Теперь же, когда эти славные дни давно миновали, Ахмихи ощущал себя лишь слабым подопытным кроликом, помещенным под изучающие взоры множества сканеров. Его собственная сенсорика сообщала ему, что в данный момент ее обрабатывают в лучах Инфракрасного и микроволнового спектров. Будто чьи-то холодные пальцы проникали в церебральные слои. Он покорно ждал неминуемой смерти.

Хотел бы я показать тебе, как я работаю.

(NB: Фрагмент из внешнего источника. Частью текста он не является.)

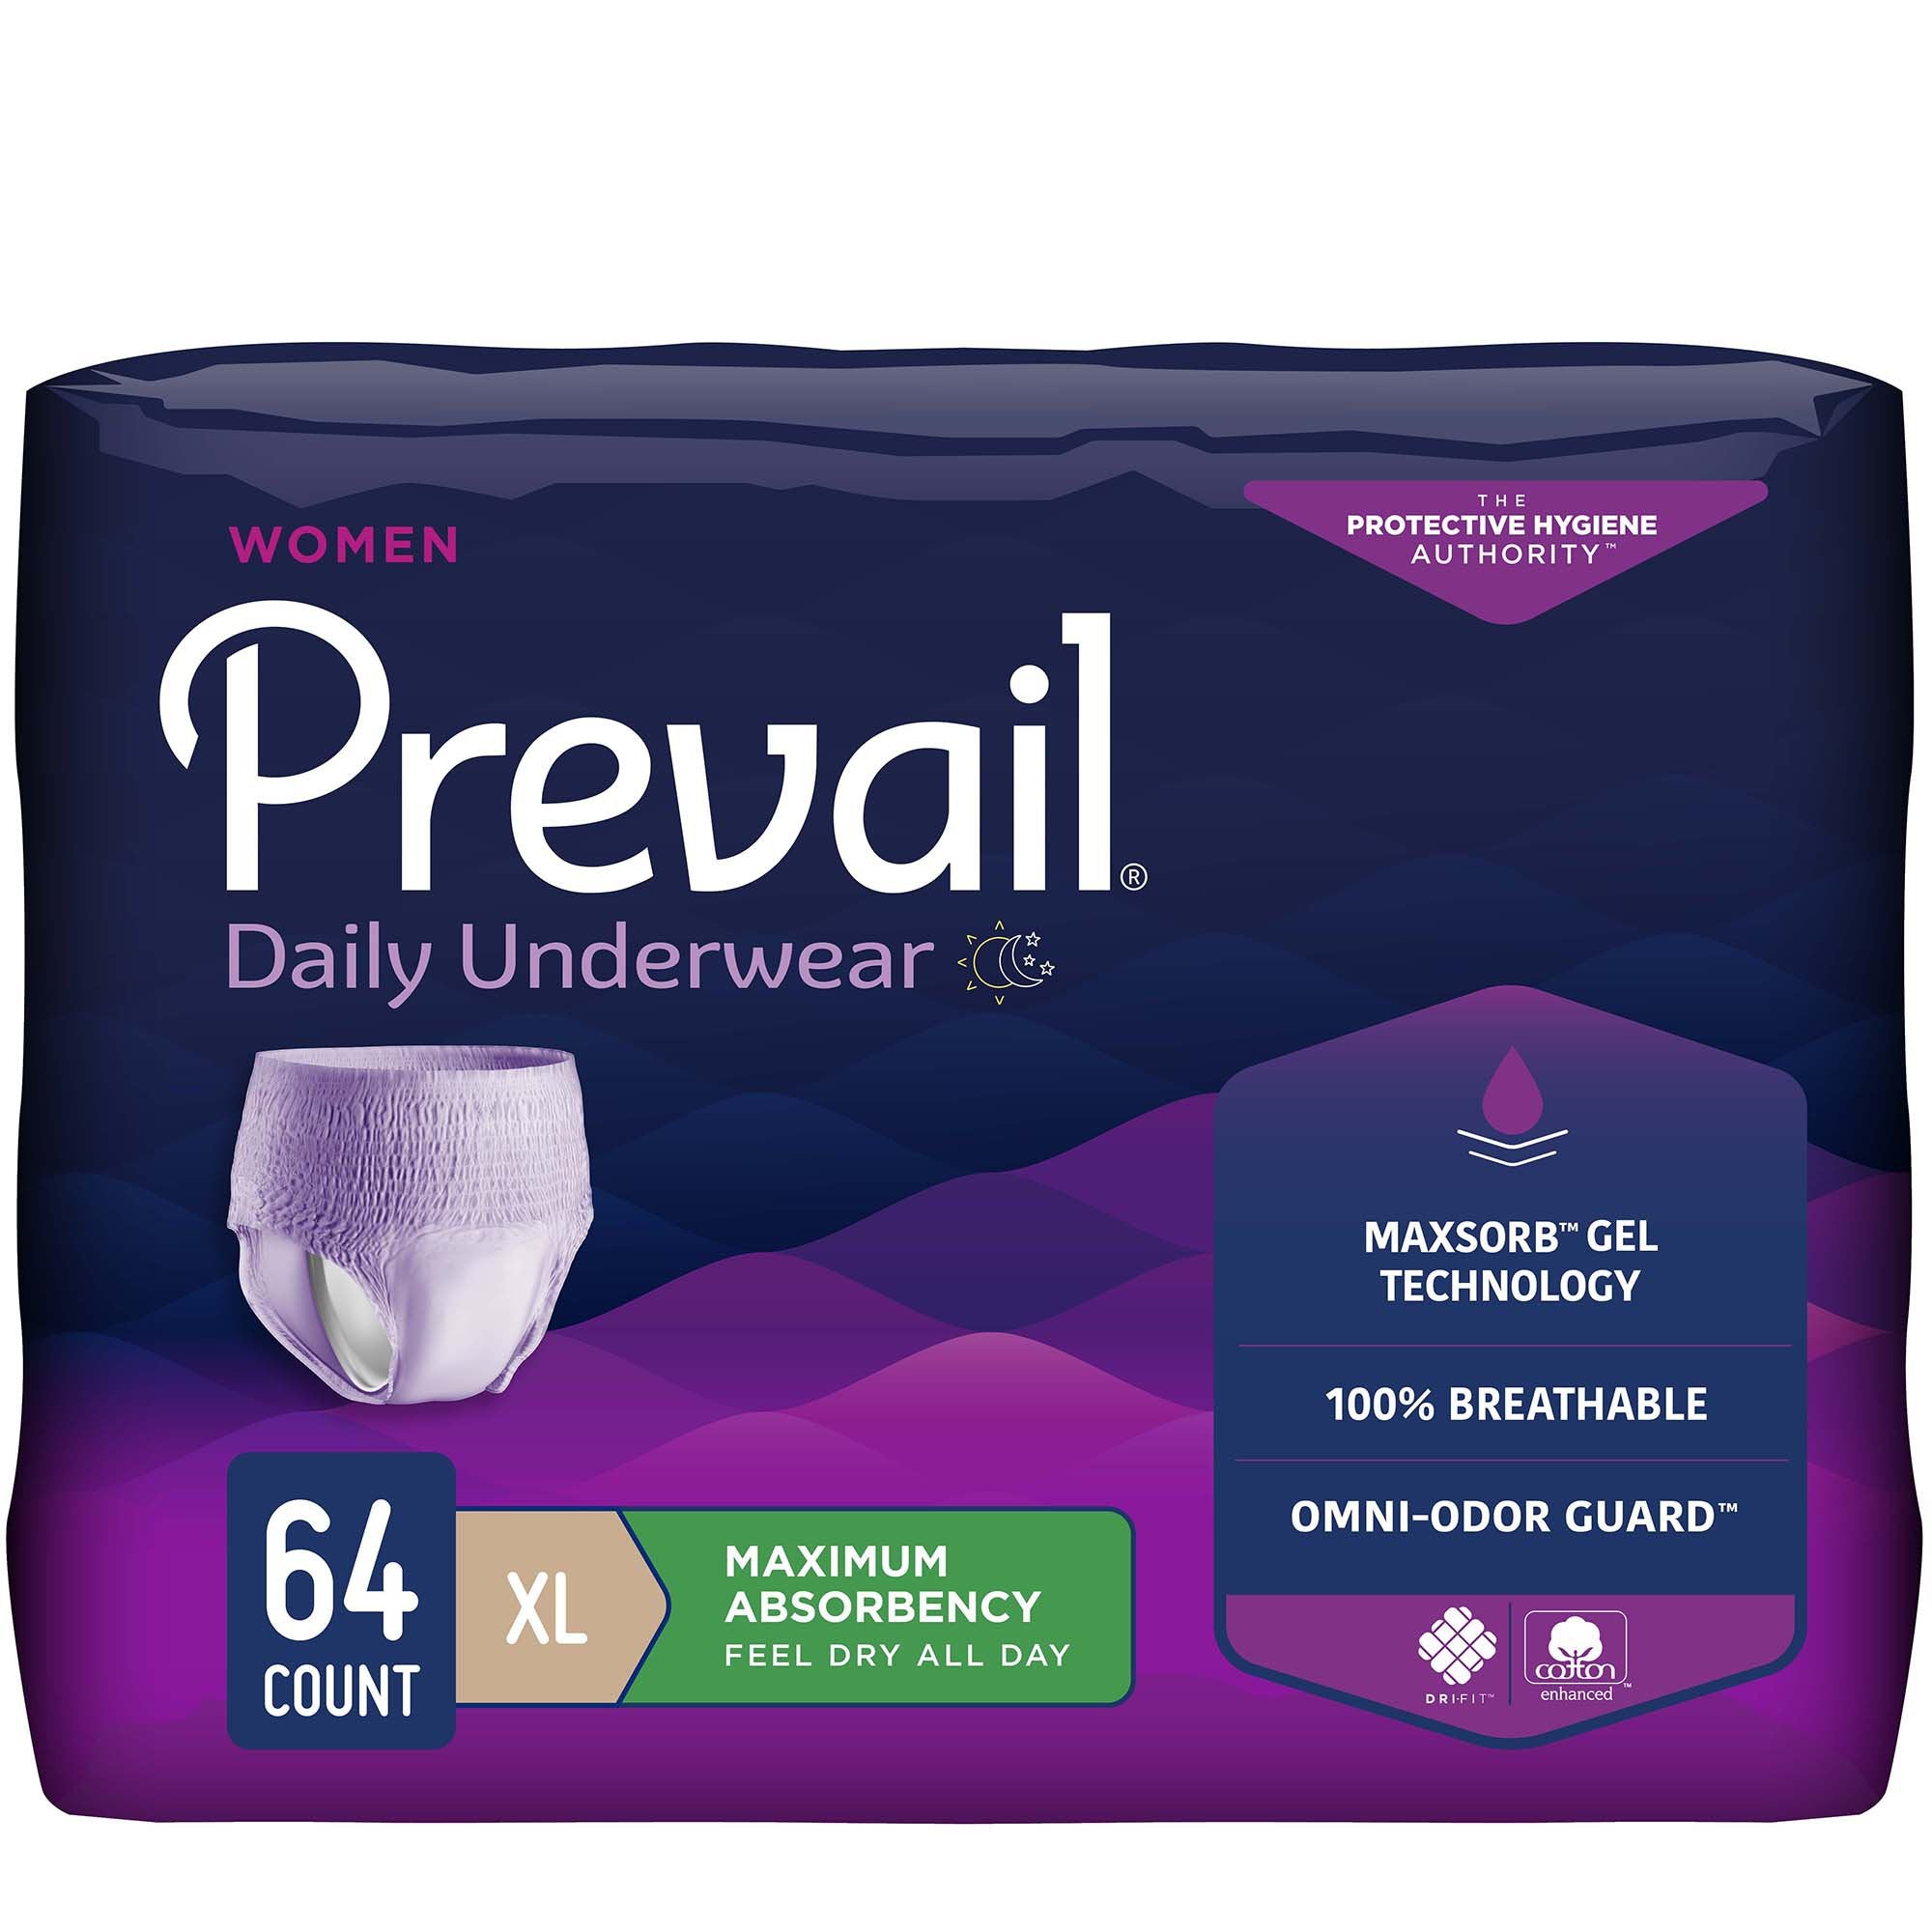 Prevail® Daily Women's Absorbent Underwear XL - Breathable Comfort (64 Pack)

Ну, гляди.

Что-то сжало сенсорику Ахмихи, как если бы человек стал ощупывать крохотную мышь, и он вдруг оказался на плоской широкой обсидиановой равнине, на которой были расставлены… существа.

Все они явно когда-то были людьми. Теперь же это были странные исковерканные сооружения, из которых торчали чудовищные члены, ветки деревьев, металлические штыри, куски живой плоти. Некоторые пели, будто ветер стучал листами жести. Загоготала чья-то оскаленная пасть с зелеными зубами, из куба потянулся вонючий пар, в судорожном ритме забилась кроваво-красная жидкость.

Сначала ему показалось, что перед ним статуя женщины. Но из ее разорванного рта со свистом вырвался вздох. Под полупрозрачной белой кожей запульсировали безумные черно-синие энергетические токи. Через тонкую, как бумага, кожу Ахмихи каким-то шестым чувством ощущал толстые волокна ее мускулов, кости, хрящи и желтые сухожилия, подобно ремням стягивающие это неуклюжее, дергающееся существо… а оно вдруг двинулось… пошло… Ее голова вращалась, потом наклонилась. Огромные розовые глаза настойчиво искали его. ЧерниЛьно-черная полоса между ног вдруг зажужжала и стала набухать, зажила своей какой-то жидкостной жизнью, резкий запах ее тела наполнил его ноздри, она призывно оскалилась…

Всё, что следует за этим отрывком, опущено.